Karis was a completely normal child, with only one problem:  her intestine didn’t function very well.  I saw no reason to make her into a “sickie.”  Karis herself was so enthusiastic about life that she wouldn’t have permitted us to coddle her.  Whenever she had energy she was up and busily involved with any fun or mischief or play or learning that could be had.  She danced before she could walk.  She had an impish sense of humor and a wonderful grin.  She lived life with zest, loved everyone, and assumed that everyone loved her.
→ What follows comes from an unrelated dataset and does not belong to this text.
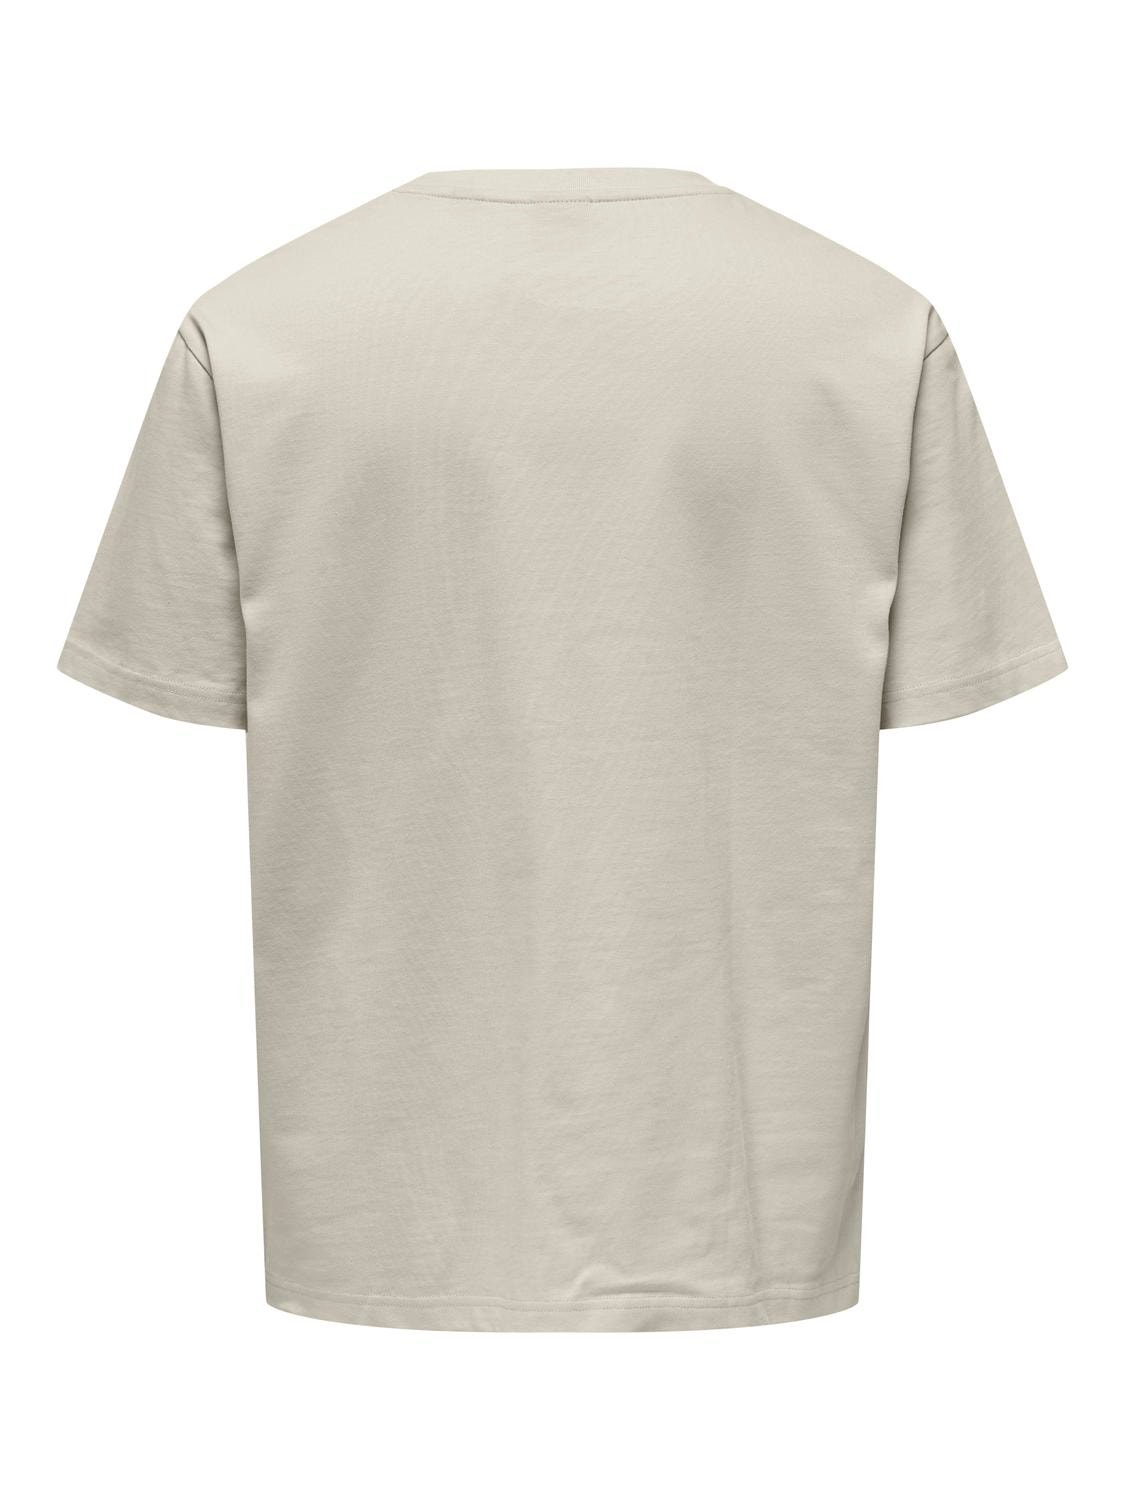 ONLY & SONS o-hals t-shirt -Silver Lining - 22028766

I knew, in fact, that Dr. R did love Karis, and along with his wonderful nurse Donna, this was the redemptive factor in being able to hang in there with him.  One early morning, having spent the night at the hospital with Karis because she wasn’t doing well, upon returning to her room from the bathroom I saw Dr. R leaning over Karis in her crib, saying, “Poor little lamb, I wish I could help you.”  I quickly backed out of the room and since my stockinged feet made no noise, I don’t think he heard me.  When after a few minutes I walked back in, he was as rough and gruff with me as always, but I had caught a glimpse of tenderness beneath his tough shell that helped me weather his harshness in relation to me.

David’s employer didn’t care where he lived, as long as he could get to an airport.  We became intrigued with a church in Port Huron, Michigan and wanted to be a part of it.  In December of 1985, when Karis was 2½, Danny 4 and Rachel 8 months old, we moved to Port Huron, to live in a house that a realtor from that church had found for us.  Dr. R referred Karis to Dr. P at Children’s Hospital in Detroit.  What a marvel to discover a surgeon who could be kind both to my child and to me!  God was gracious in this, because the next year would be the most difficult in Karis’s little life so far.